Almash Tarash, raised tinsel work of diamond-shaped lamé, once bordered the khada dupatta. These borders, or gokhru, were often finished with dagger-like khanjar ki lace. Unlike the North’s zamindozi, which covered the fabric completely, the Deccani guldozi style let it breathe, using metallic thread to sketch airy patterns. A family of artisans with four generations of expertise is helping revive this lost vocabulary of Deccani glamour, one gleaming thread at a time for Sourav Das’s namesake label.

Arunachal Pradesh

The loin loom or backstrap loom, among the earliest of its kind, is still used in Arunachal Pradesh and Nagaland. In these regions, weaving is the sole domain of women.

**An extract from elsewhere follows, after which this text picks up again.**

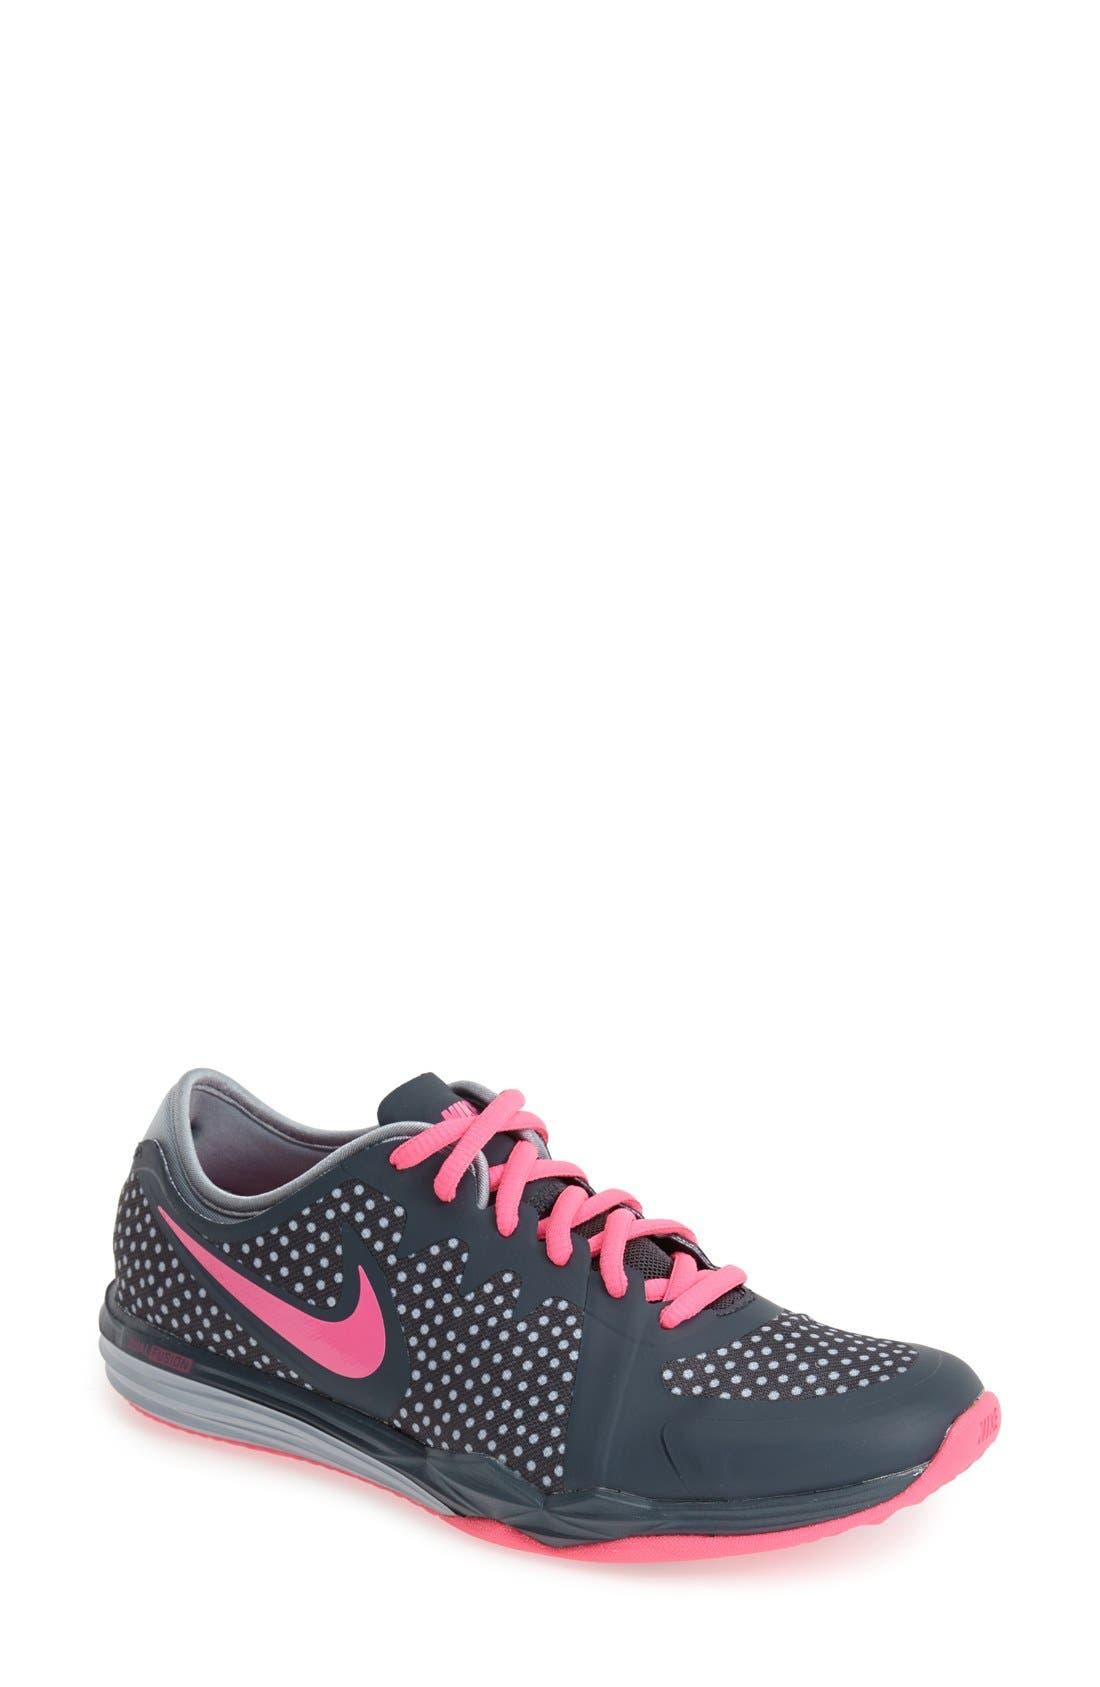 Alternate Image 1 Selected - Nike 'Dual Fusion 3' Training Shoe (Women)
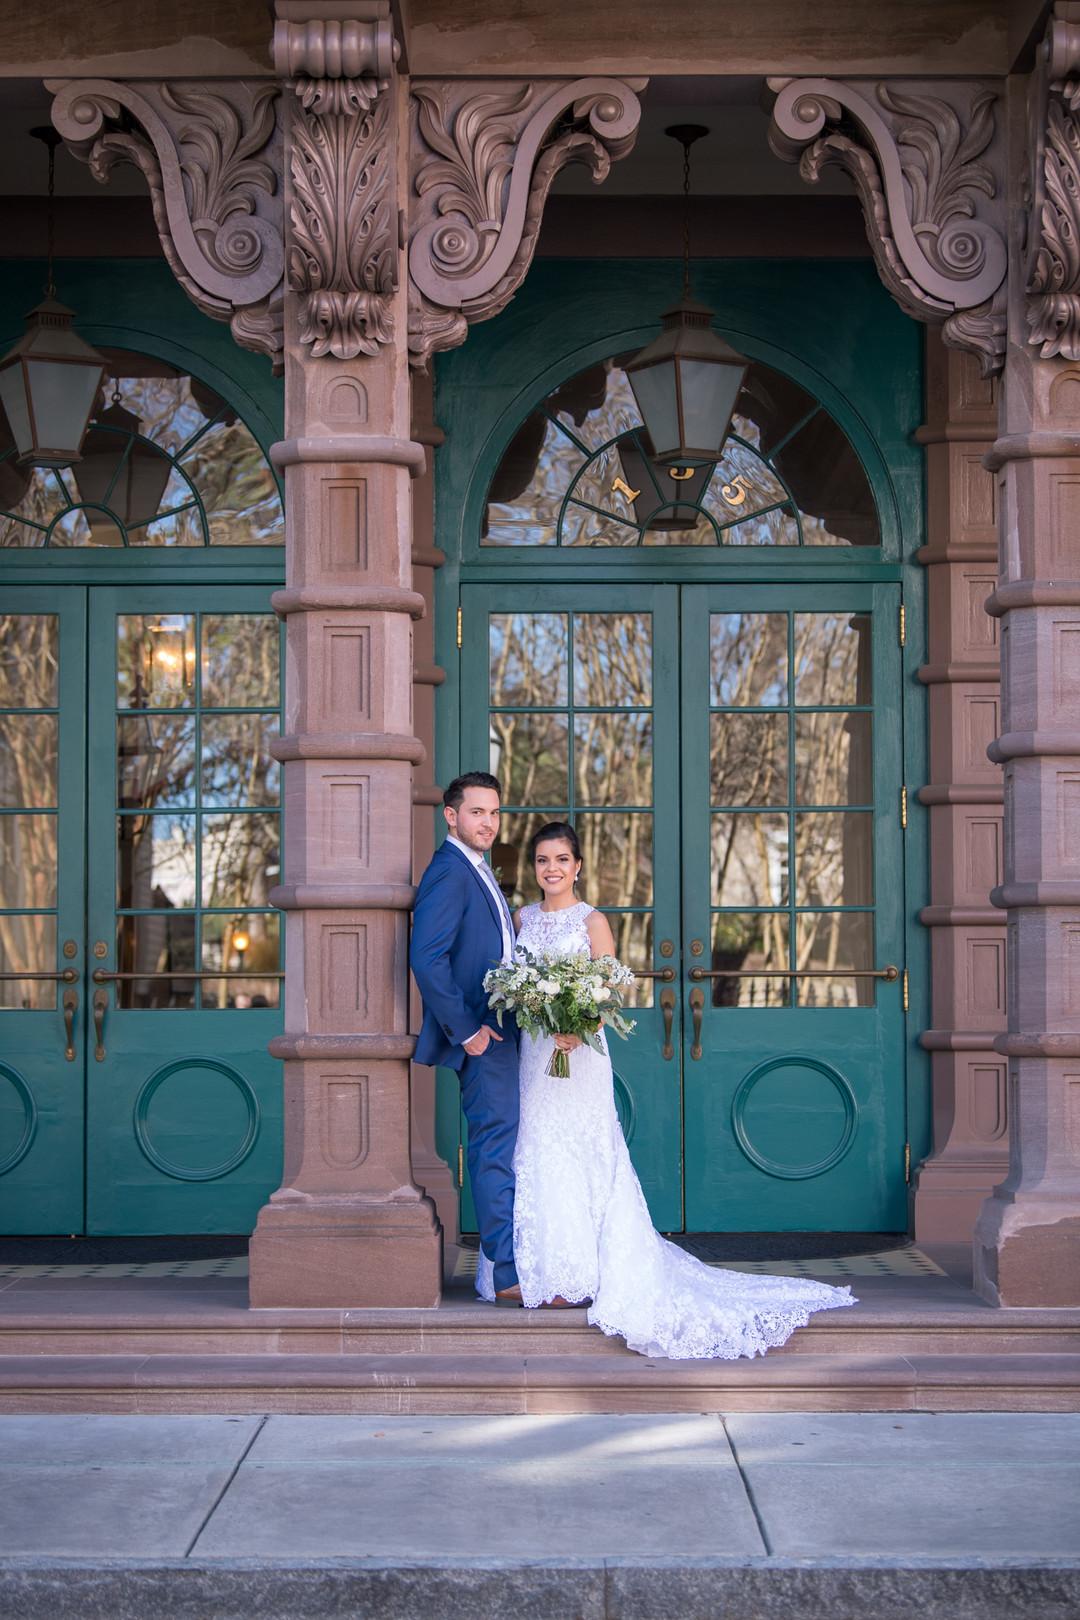 cannon-green-wedding-8(1).jpg

Designer Jenjum Gadi captures his mountainous memories using textiles made on the loin loom, turning them into sharply cut jackets and capes. His point of view through each collection focuses less on unnecessary reinvention and more on continuation, a thread pulled from his own childhood into the present.

Assam

Designer Sonam Dubal’s Sikkimese-Tibetan and Maharashtrian heritage, combined with a Himalayan upbringing, exposed him early to textiles tied to spiritual and ecological values. Eri silk, also known as Tsen silk in monastic settings, is central to Buddhist traditions due to its non-violent production methods. Working with both iterations since 1999, Dubal has fused eri’s textured character with vintage or leftover resist-dyed ikats and brocades, often upcycled, to create garments that echo what he calls “cultural linkages” between philosophies, geographies and techniques.

Bihar

Sujani began as a ritual textile in Bihar, made from layered cloth and stitched with protective motifs for newborns. Over time, it evolved into a form of narrative embroidery used by women to depict their daily lives. When Swati Kalsi began working with sujani artisans in 2008, the design vocabulary remained largely traditional. Her intervention introduced a more graphic, minimal aesthetic often with indigo-dyed fabrics and stencil-like motifs. This shift helped refine the embroidery’s visual language, while continuing to involve entire families in the making process.

Goa

Your Goa wardrobe might be all floaty dresses and denim shorts, but the state’s most enduring textile is a checked cotton weave originally worn by Kunbi women. Marginalised and denounced by caste hierarchies, they were reduced to entertainers, but they were, and are, the original inhabitants of the land. Besides his many legacies, the late Wendell Rodricks also helped revive and dignify this textile. With his team of weavers, he softened the palette, elevated the cotton and placed it in contemporary collections.

Gujarat

A state known for its endless styles of embroidery, dyeing methods and award-winning artisans, Gujarat’s humble hero is kala cotton. Ashok Siju’s unisex shirts begin in the rain-fed fields of Kutch, where local sakalia (kala cotton) is grown without chemicals. The cotton is hand-spun on the charkha, dyed using natural dyes and then hand-woven on their compound. Pattern-making and cutting are done locally, and for the final step, Rabari women from Bhujodi hand-stitch each shirt, completing a fully local and sustainable production cycle.

Haryana and Punjab

Phulkari or flower work is a traditional embroidery from Punjab that dates back to the 15th century. Among many other forms, bagh stands out for its dense surface coverage, often worn during weddings and festivals. The most intricate form, bawan bagh, can contain up to 52 panels on a single textile. Designers Sukriti and Aakriti Grover work with artisans to create festive garments embroidered with bagh using organic cotton. “By updating the cuts, colours and context, we aim to keep phulkari relevant and wearable today while supporting craft-based livelihoods,” says Sukriti.

Himachal Pradesh

‘Shatranj, the Political Circus’ is a Chamba rumal by Delhi Crafts Council and Swati Kalsi that reinterprets the Shatranj theme, drawing from contemporary politics.